Age, Cholesterol, and Oldpeak show significant differences.

Chest pain type and Exercise Angina have strong categorical associations.

Logistic Regression gives interpretable results and competitive accuracy.

Overall Conclusion:

The Heart Attack Risk Analysis project successfully explored, analyzed, and modeled clinical and demographic data to identify key factors influencing heart disease risk. Through data cleaning, exploratory analysis, statistical testing, and predictive modeling, the following insights were derived:

Demographic Impact: Individuals who suffered from heart disease are generally older and predominantly male.

Clinical Indicators: Key continuous variables like Cholesterol, Oldpeak, and Max Heart Rate showed significant differences between healthy and affected groups.

Categorical Associations: Variables such as Chest Pain Type, Exercise Angina, and ST_Slope demonstrated strong categorical relationships with heart disease occurrence.

Model Insights:

Logistic Regression provided interpretable results with reliable accuracy and strong AUC, making it suitable for clinical screening applications.

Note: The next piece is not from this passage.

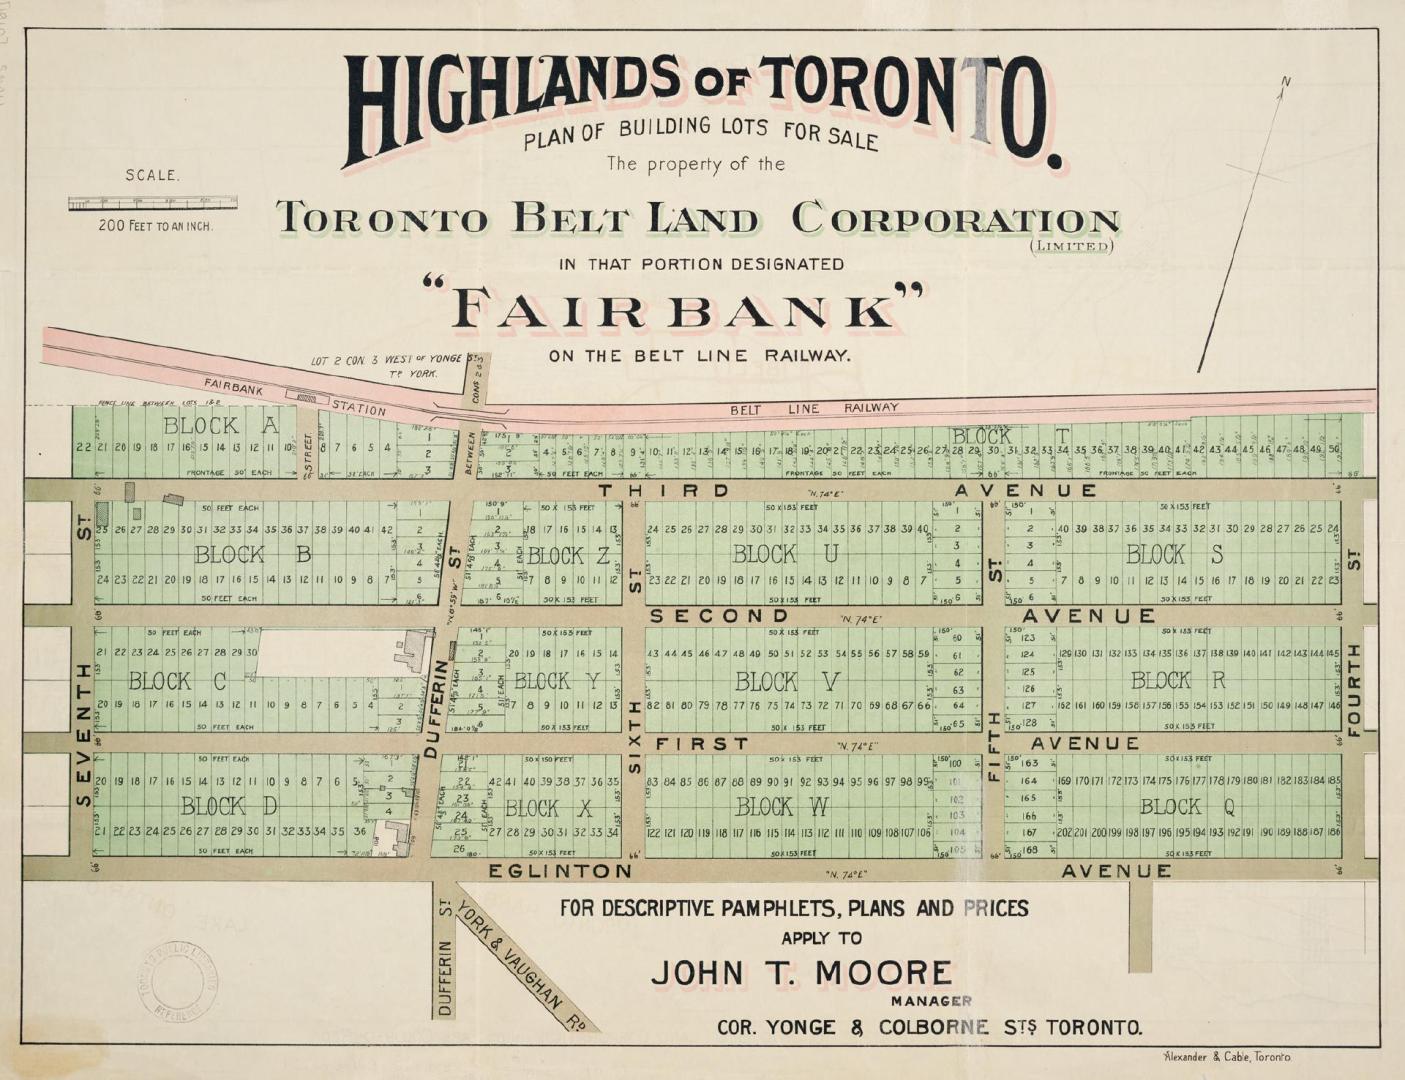 Highlands of Toronto plan of building lots for sale the property of the Toronto Belt Land Corporation in that portion designated ''Fairbank'' on the Belt Line Railway.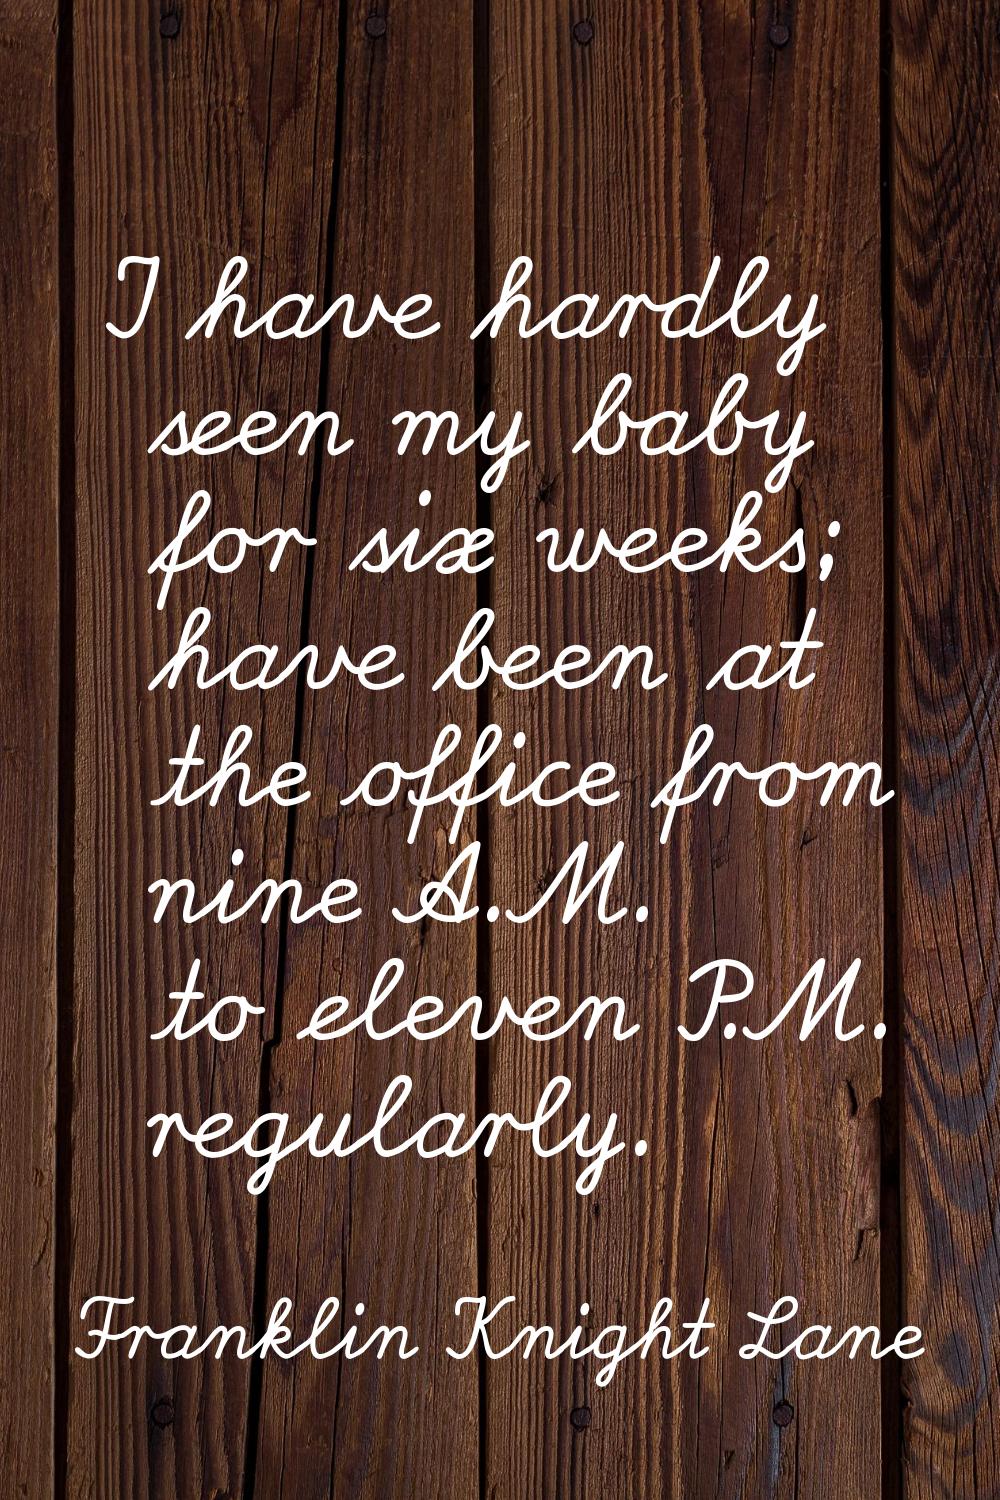 I have hardly seen my baby for six weeks; have been at the office from nine A.M. to eleven P.M. reg

K-Nearest Neighbors (KNN) achieved comparable performance but lacked interpretability.

Clustering analysis (K-Means) revealed three distinct patient groups, indicating natural patterns among risk profiles.

In summary, the study highlights that age, chest pain type, exercise-induced angina, and Oldpeak are critical predictors of heart disease. Logistic Regression emerges as the most practical and explainable model for early risk detection and clinical deployment.

This project demonstrates how data-driven modeling and visualization can support preventive healthcare, enabling medical professionals to identify at-risk individuals and promote early intervention strategies.